Several days ago we posted a story about a weasel in England that jumped a woodpecker, and soon found itself airborne aboard the bird's back.

Weasels are very interesting animals. Almost every Google discovery uses the word vicious to describe them. There is another attack story from England, this time a weasel attacking a squirrel. Rabbits and pigeons also are prey. Weasels think big.

We have or had a weasel living here, seen in our yard last summer, but unfortunately it has not made a dent in the squirrel population.

A Wisconsin web site lists weasels with badgers and wolverines when it comes top contenders for North America's toughest mammal predators. A couple of web sites list weasel as the smallest carnivore in North America. Not true. The short-tailed shrew has that honor. It is smaller than most mice, with a metabolism running full-tilt all of the time. The heart rate of a shrew at rest has been recorded at 750 beats per minute. It must eat prey equal to its own weight every day.
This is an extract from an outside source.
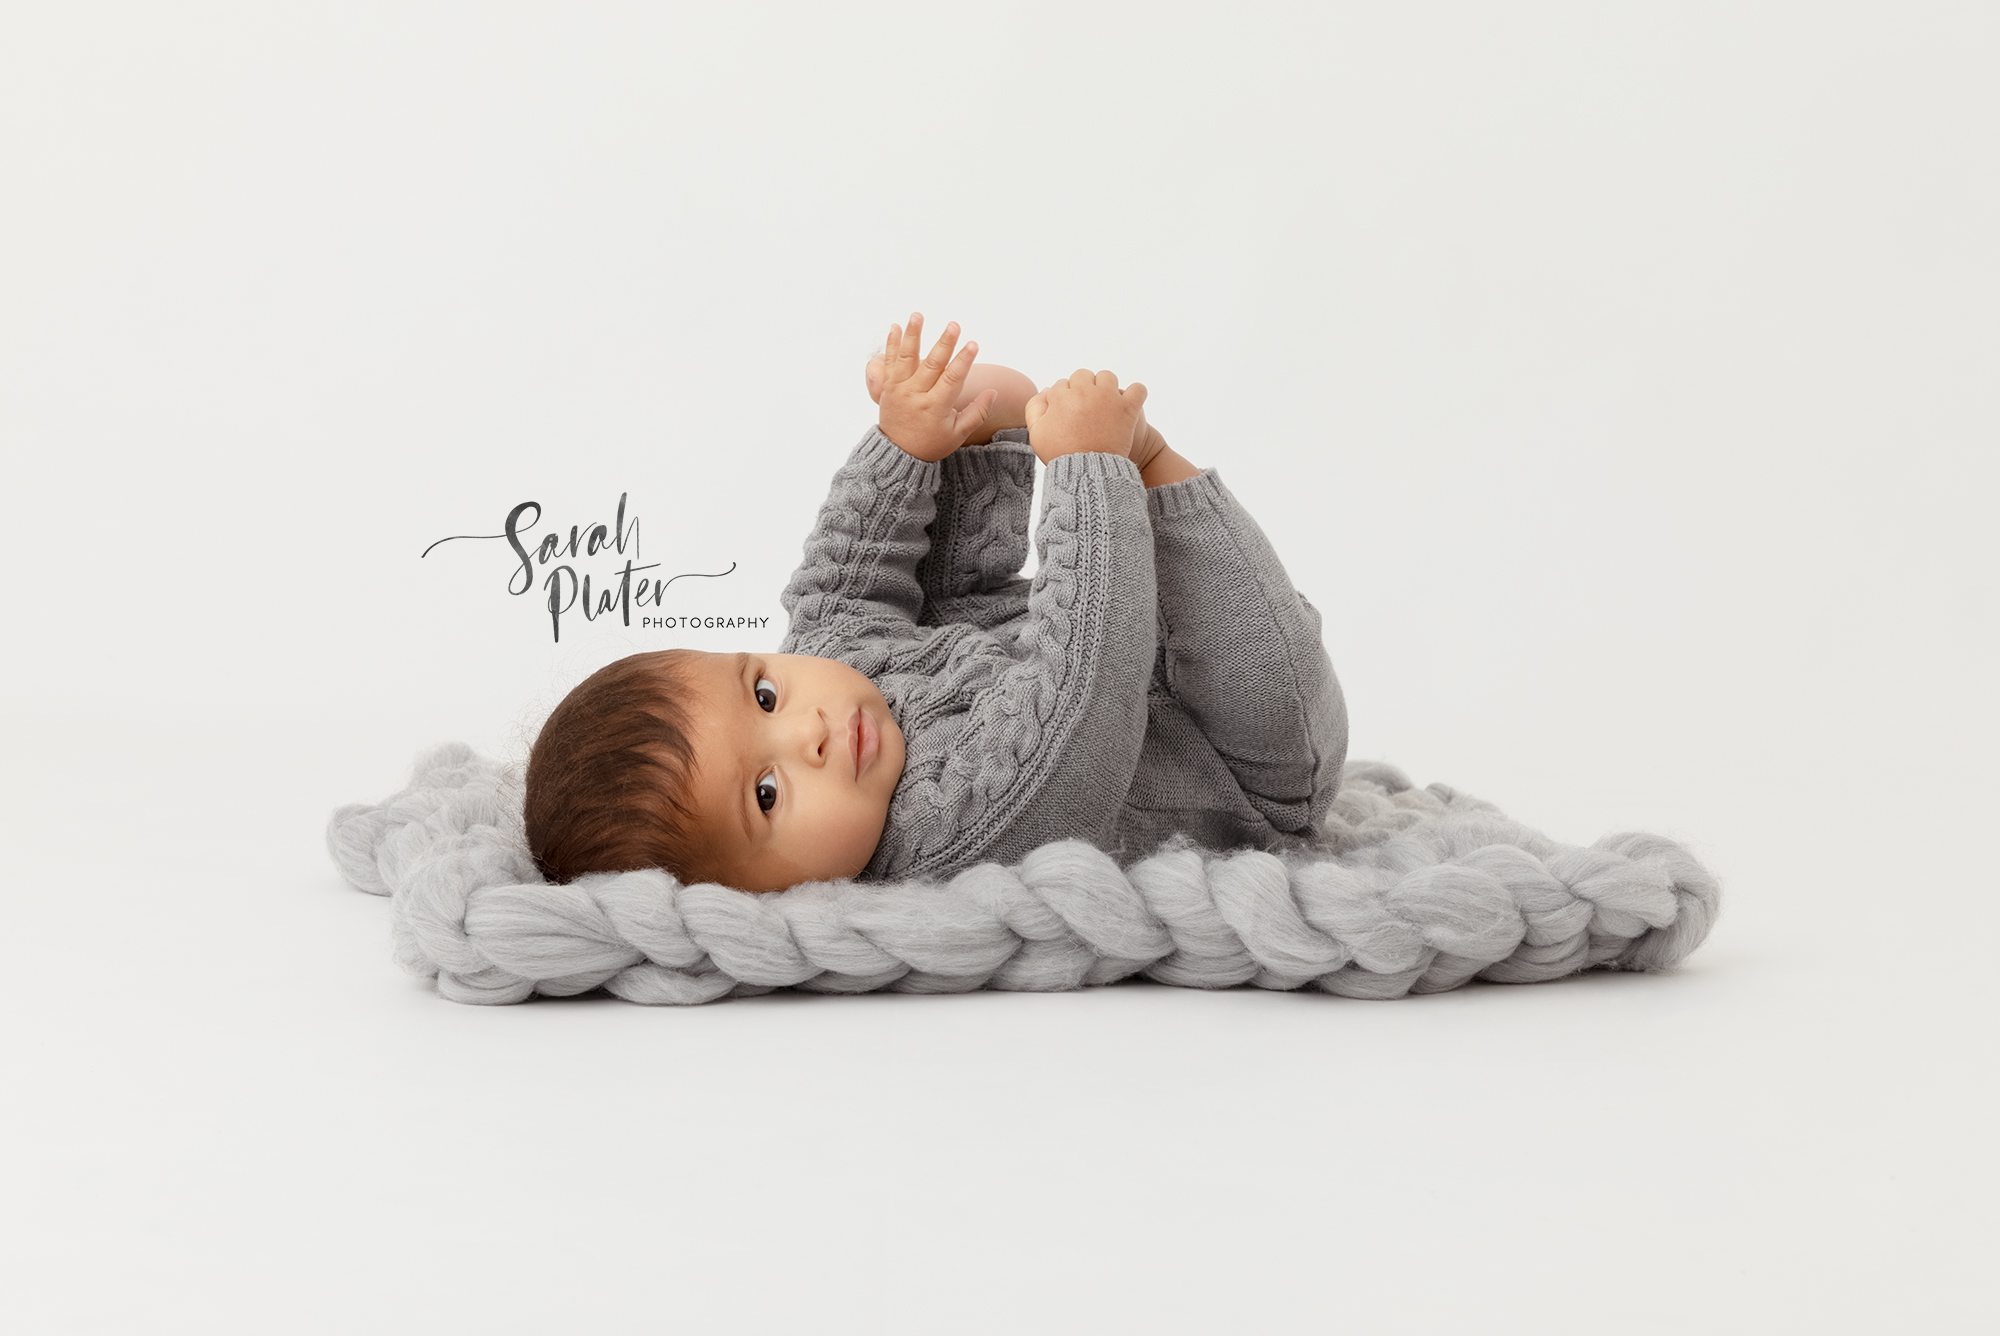 Monthly Baby Photoshoot Ideas: Capture Adorable Moments

Some years ago, in a rented garage, I had a rat problem. I set out a large wooden snap trap. It caught a mouse. I ignored it on first sight, coming back later to reset the trap. It was nowhere to be seen. I also had short-tailed shrews (sort of like a zoo, that garage). I found the trap under a cupboard, nothing remaining of the mouse but a shred of skin. I'm certain that a shrew, tiny little guy with that huge appetite, dragged the trap into that dark crevice to eat in private. The trap had to weigh 50 or 60 times as much as that tiny shrew, maybe more. I'll bet a shrew could eat a weasel in the right circumstances (maybe after it fell from a flying woodpecker).

Short-tailed shrews can be identified by the darkened tips of their front teeth. This shrew species also is one of the world's few poisonous mammals, injecting prey when its bites.

That woodpecker was lucky its attacker was only a weasel.